My friend recently sent me a 750 GB external hard drive as a surprise gift. I was naturally excited, so I tore open the cover and packaging. Out came a shining new hard drive and a USB cord. I plugged in both ends and waited. Nothing happened. Pretty sure that I hadn’t plugged it in properly, I pulled out the cord and pushed it back into the USB slot. Nothing whatsoever. Time to go back into the packaging – I pulled out the ‘other’ cord to connect the drive to the power source. Of course. How obvious? I should have known.
I was actually taking a satisficing approach as opposed to an optimizing one.
Satisficing, according to Wikipedia, is “a decision-making strategy which attempts to meet criteria for adequacy, rather than to identify an optimal solution”. It can apply to just about any situation where you don’t evaluate your options before making a decision. Typically people satisfice when:
- They don’t have enough information
- The stakes are not too high
Now what about learners in a complex scenario? Do they really make intelligent, well thought out choices – follow the optimizing approach? Or do they just satisfice – see what comes up, and then go back and change their decision and see the response and so on?
How do you make sure learners actually follow an optimal decision making process in your interactivities?

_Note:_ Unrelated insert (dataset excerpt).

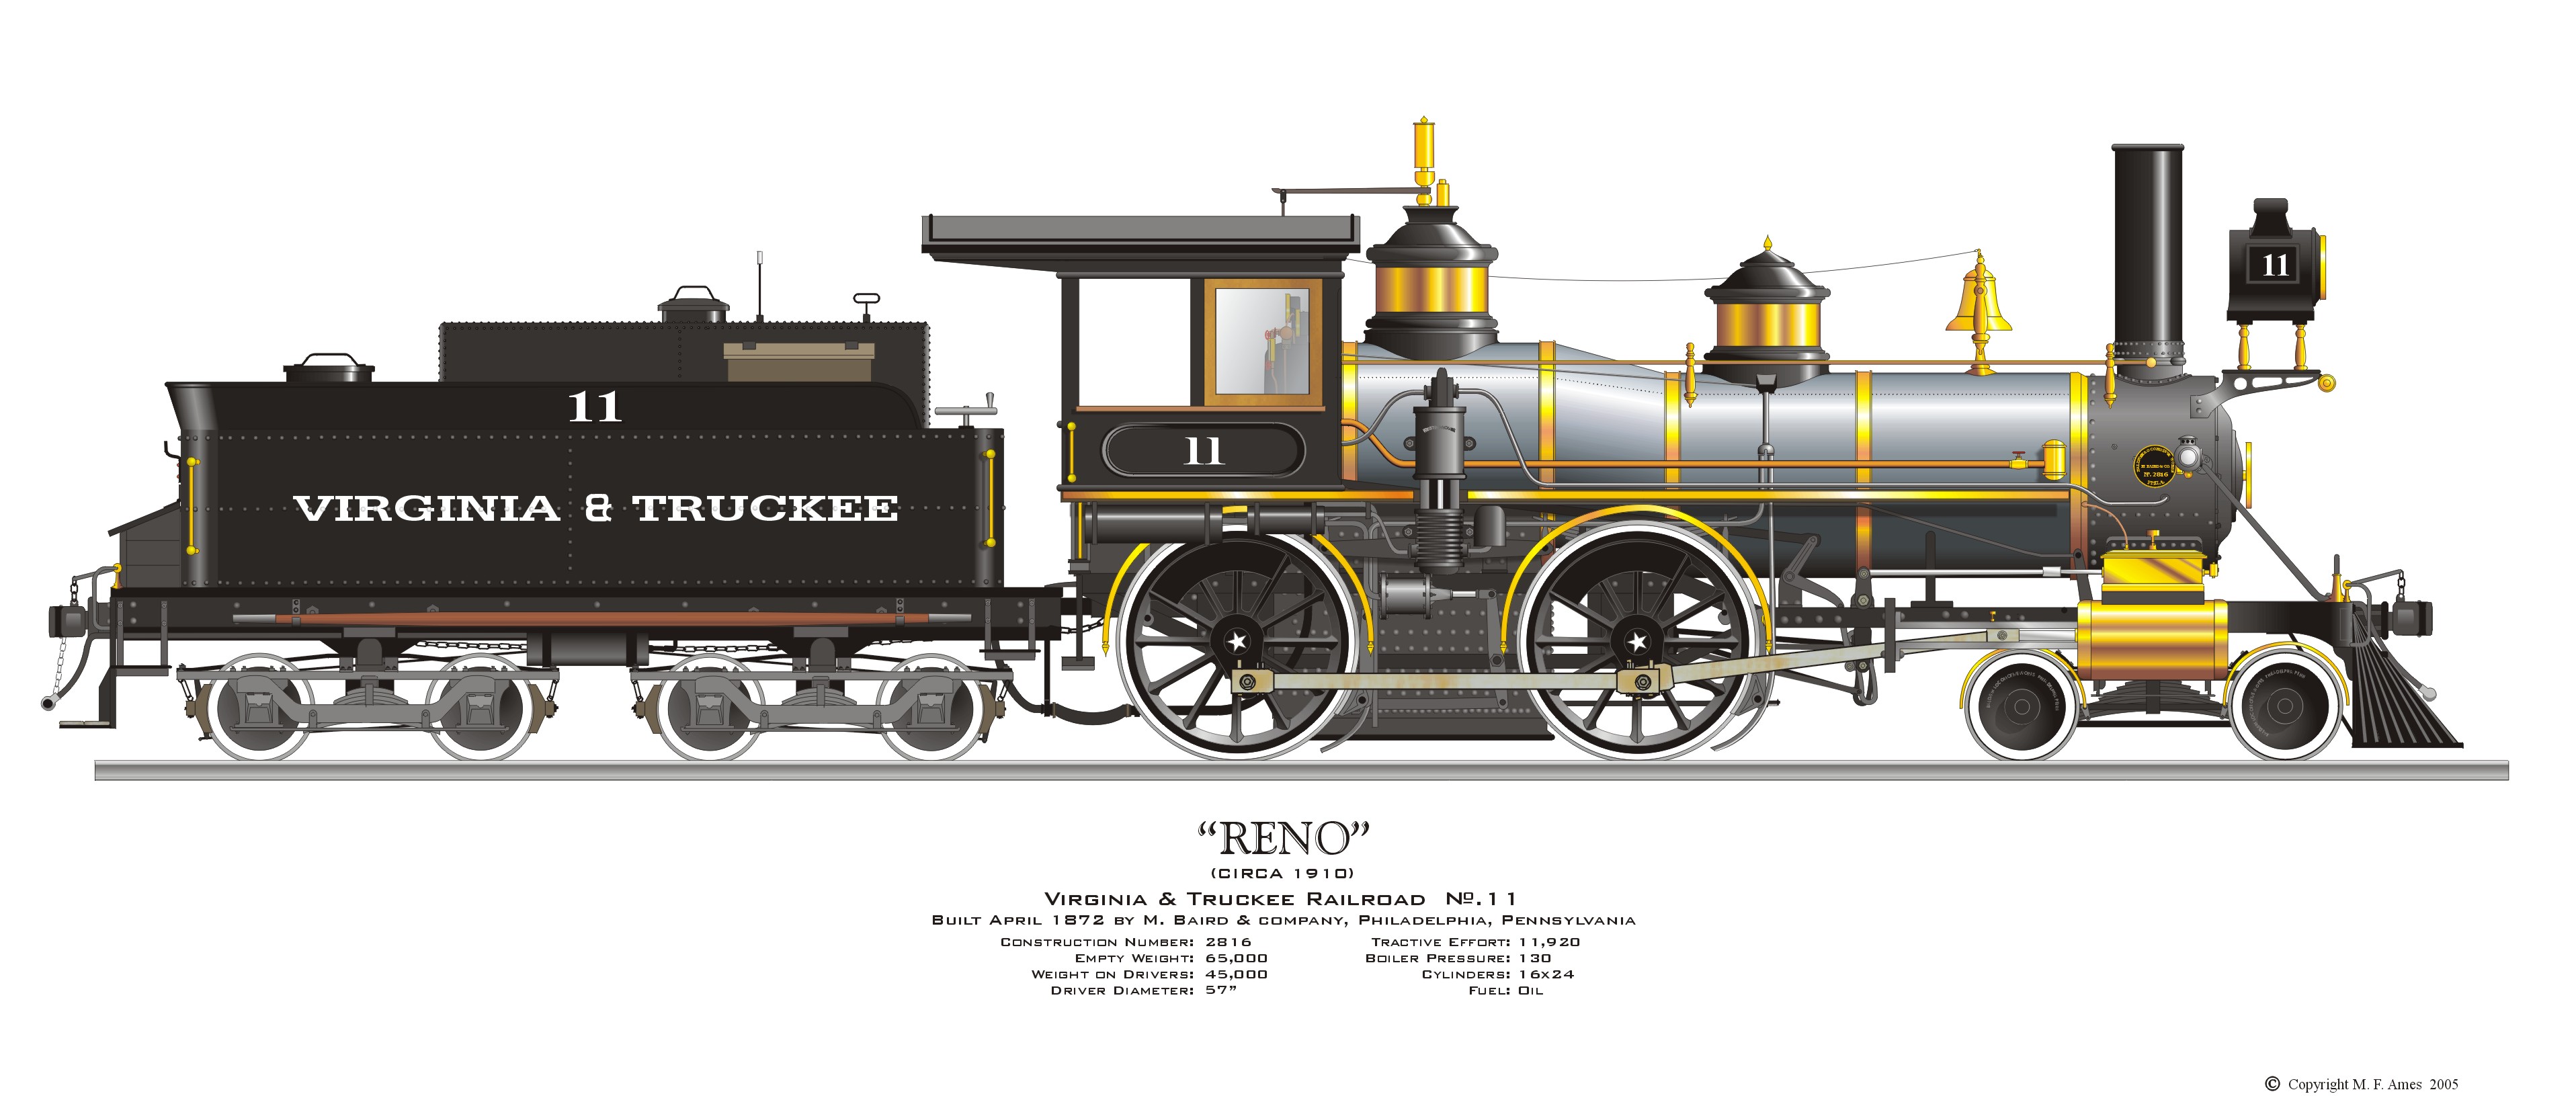 Virginia & Truckee, Locomotive #11, Reno

Some possibilities (each with its own pros and cons):
- Don’t allow learners to return to the previous step in a scenario
- Allow them to return, but give them negative scoring/feedback for changed decisions
- Restrict the number of times they can go back and change their decisions
What do you think is a right approach?
The learners are probably wondering what fuss is all about, and telling themselves “what do I lose by making a wrong decision, it’s a scenario after all.” And they are probably right – if even after this trial and error method, they really understand what we are trying to tell them, the learning goal is achieved, right?